We are currently working on a prototype of CRAM 3.1 with more compression codecs. Performance on a set of NovaSeq alignments is demonstrated below showing the tradeoff between size vs speed (“normal” vs “archive” modes). For comparison, BAM speed is also included, but note the file size is a long way off the edge of this plot at 70Gb. The benchmarks on htslib.org offer further examples of how size and speed trade-offs work.
Figure 2: File sizes and times for encoding and decoding 1 million NovaSeq alignments, each line showing two points in the trade-off between size vs time.
Ideally we don’t wish to waste time decoding bits of data that we are not interested in. Selecting specific data types (e.g., SAM columns) within CRAM is very feasible. For example, try using Samtools flagstat on a BAM vs a CRAM file and you’ll see it’s much faster in CRAM, as it has selectively skipped decoding of some fields. Similarly, indexing a CRAM is an order of magnitude faster than BAM.
Technically Speaking
The CRAM format gives complete freedom to write data in whichever blocks it likes so if the encoder puts all data in one block, there is no way to select only some types. However, the major CRAM implementations are now putting each type of data into their own blocks to facilitate ease of decoding (and have been doing this for a while). This means we can get certain types of data out much faster.
In some cases it’s possible to do the same for writing too. For example, if we wish to drop one single tag, say the large OQ field, then we don’t want to decode sequence, name, quality, and more only to immediately reencode them again. We’d be better off simply copying the compressed data over, bar the block containing the OQ field and the meta-data that indicates its presence.
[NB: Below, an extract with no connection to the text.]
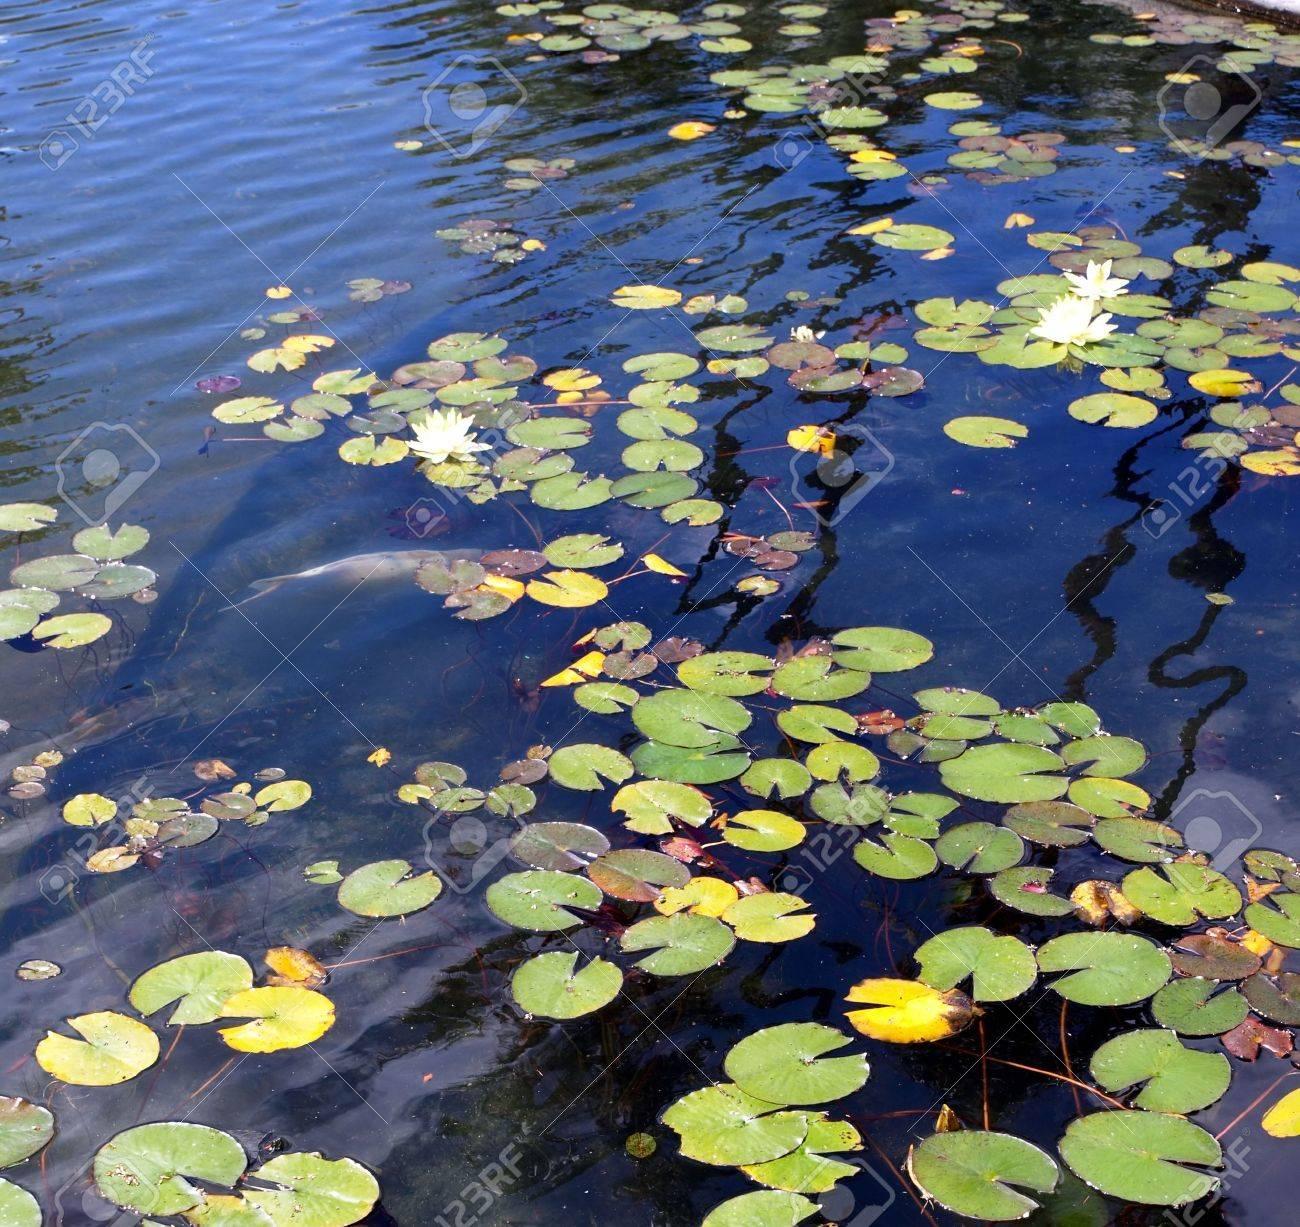 koi y el lirio de estanque con plantas acuticas y peces y la superficie ondulada foto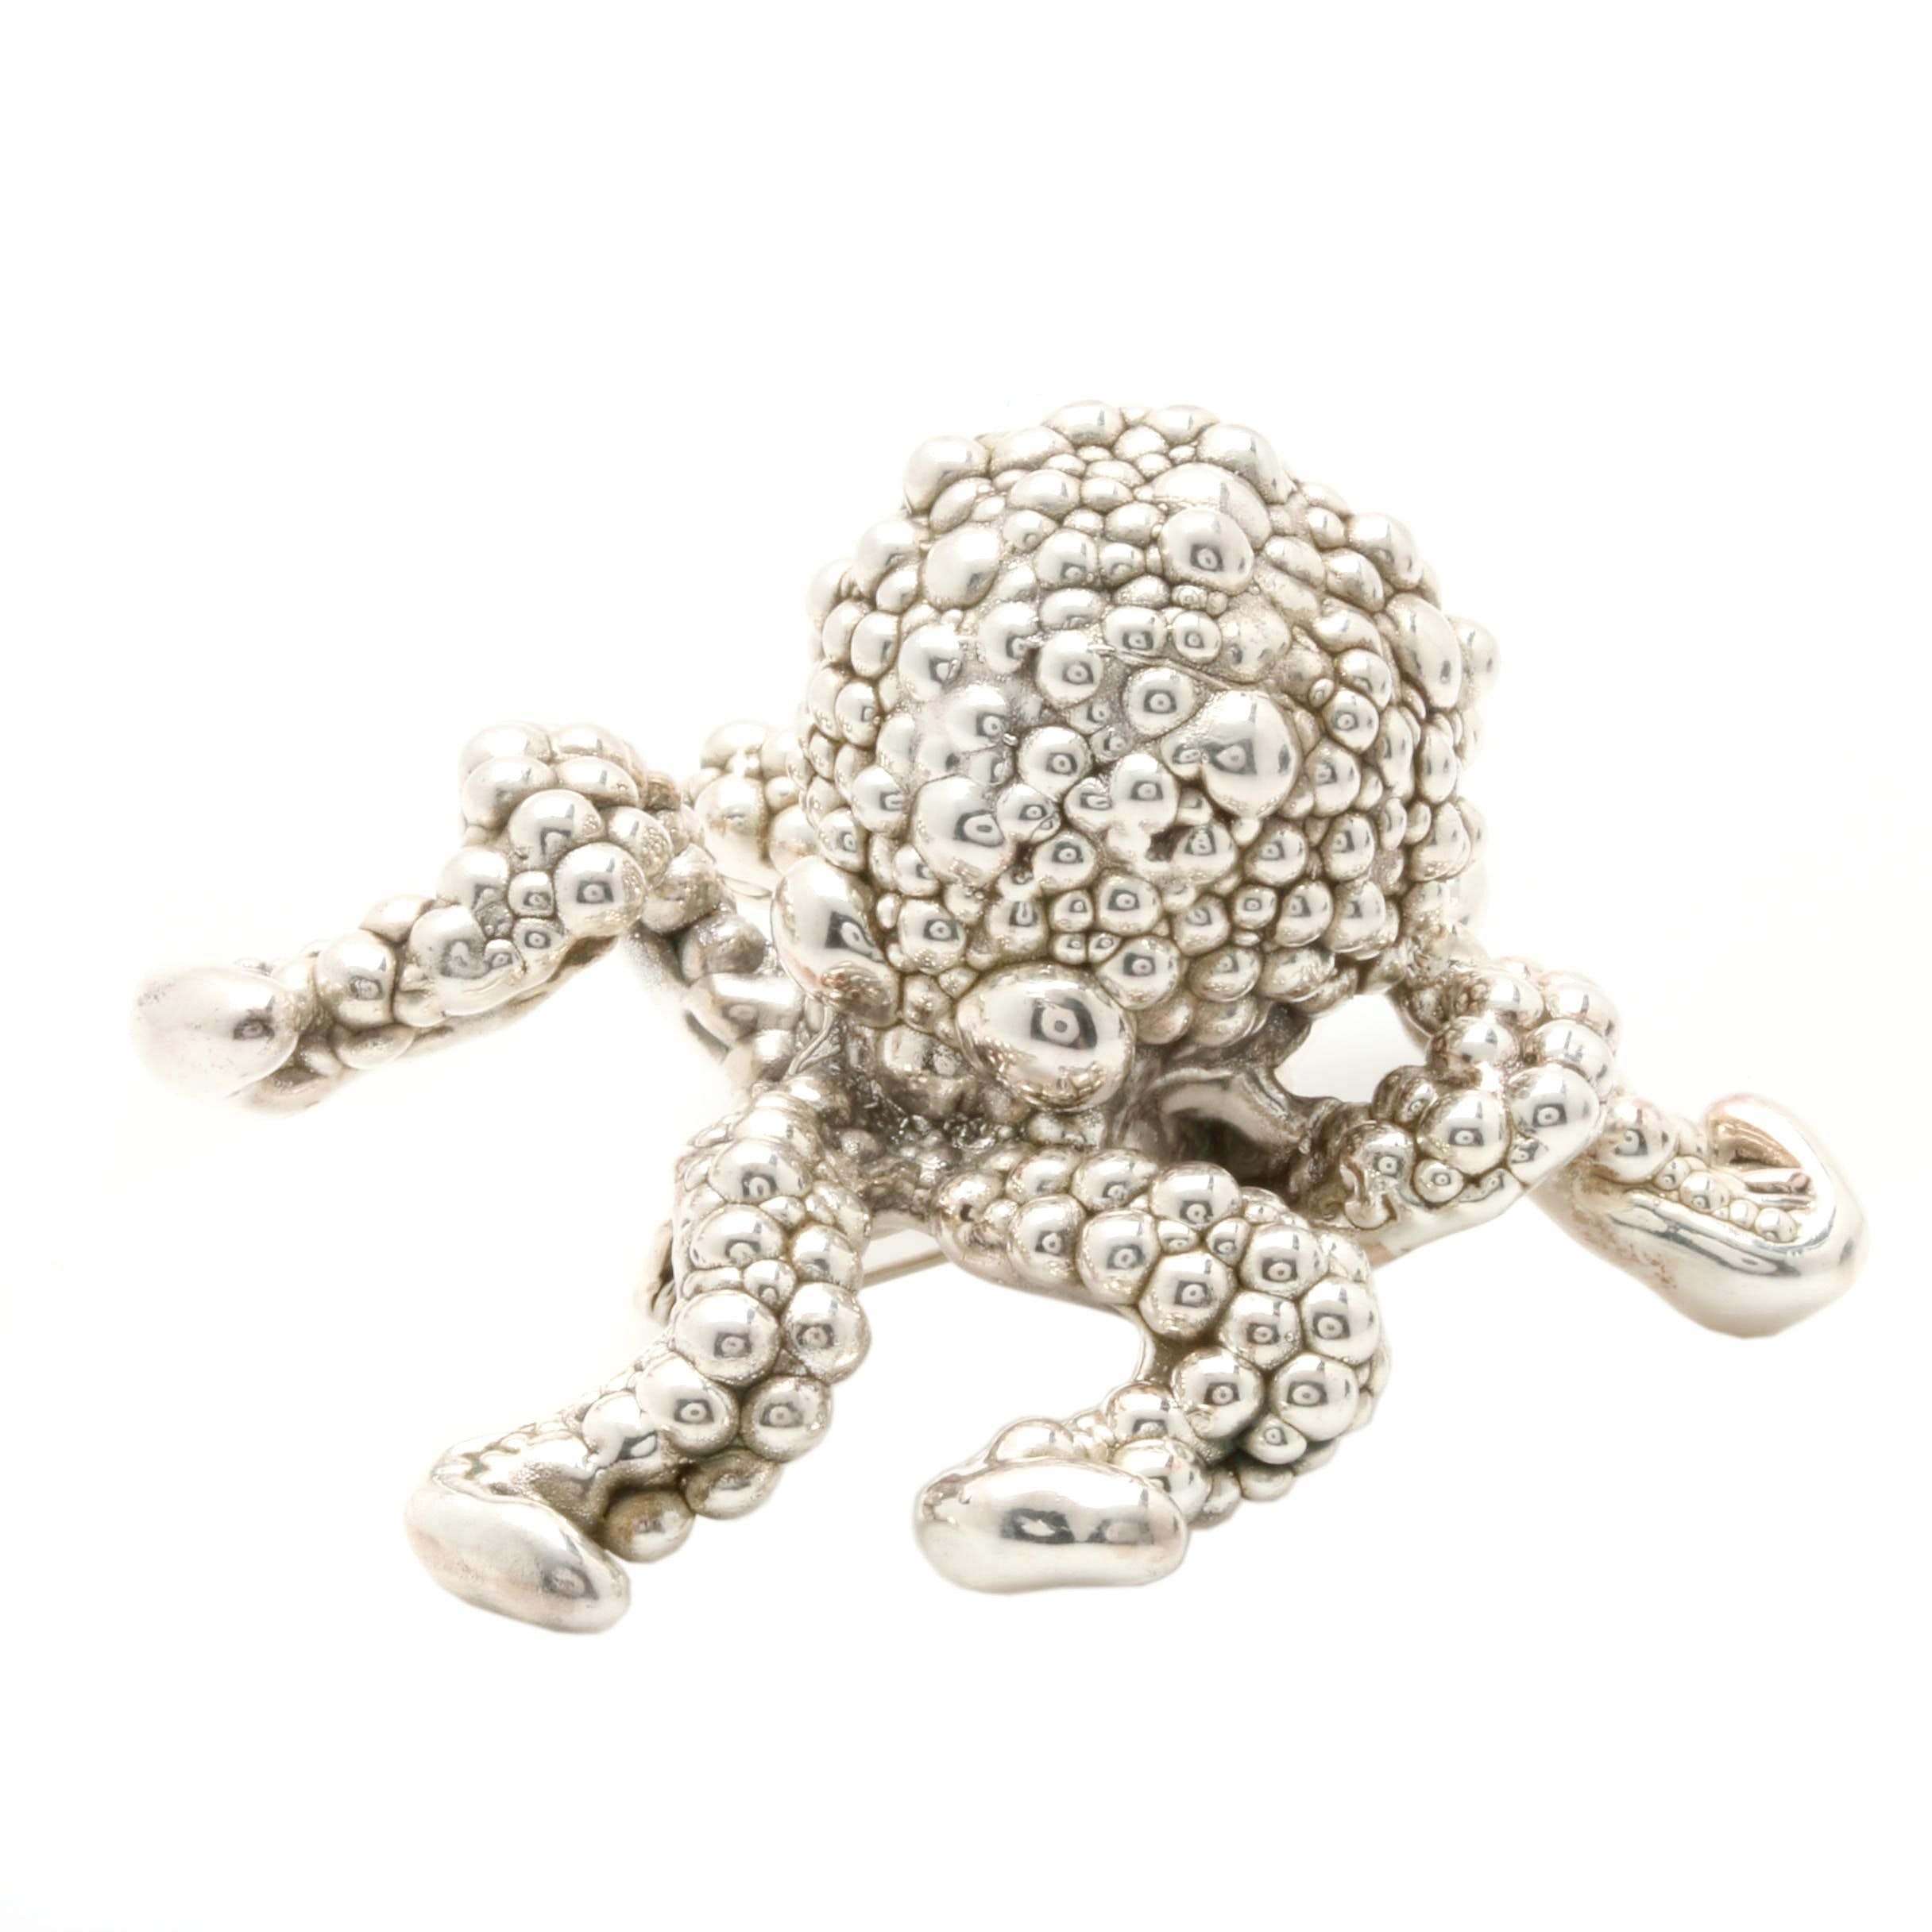 Silver Tone Octopus Brooch

This isn’t possible within Samtools / htslib, but the cram_filter tool demonstrates some of this in the -t option which permits dropping of specific auxiliary tags. It can do this with little more than a read/write loop, which—even with the effort to adjust the tag list and meta-data blocks—comes out at least 50 times faster than a traditional transcoding loop:
If we can do it with removal, in theory we can do it with addition too, but this exposes an issue with our software implementations: again this isn’t a CRAM file format woe, but a programming problem.
Say we wish to add an auxiliary tag stating the average quality value, we’d only need to decode the quality from the CRAM file. We know what to do—decode the quality block, add a new tag, update various CRAM meta-data blocks, and do read/write loops on all the other blocks. (Of course this also doesn’t work too well if we want to strip out entire reads, but we could simply mark them as unmapped and leave in-situ.)
Htslib doesn’t currently have a good API for block level manipulations, but this is an implementation detail and not an issue with the file format itself.
Finally, note that it is also possible to extract regions of CRAMs with zero transcoding using cram_filter (again using the -n option I mentioned before, although it could really do with a saner interface that permits e.g. X:10000000-20000000). This, along with BAM equivalents, are the backbone of the efficient GA4GH htsget protocol for streaming NGS data.
This is a peculiar one, but I’ve seen it written that CRAM suffers as it leaves no room for efficient implementations, due to dictating the encoding process instead of the decoding process.
That is simply not true.
The CRAM format specifies the file layout and the decoding method, but the encoder has complete freedom on how to break the data up.
Technically Speaking
Encoders can decide which data types to put in which blocks and with which codec. Furthermore, CRAM permits storing multiple data series in the same block if there is strong correlation between values and a mixture would lead to better compression ratios. In the early days we gradually learned how to better encode CRAM 2.0 files which led to Scramble producing files smaller than Cramtools of the same era. (Cramtools implemented the same ideas, so it’s now comparable again.)
Is it perfect? By no means! But that is what open standards development is all about—come to the file formats task team meetings and help us ensure the next version of CRAM suits your needs.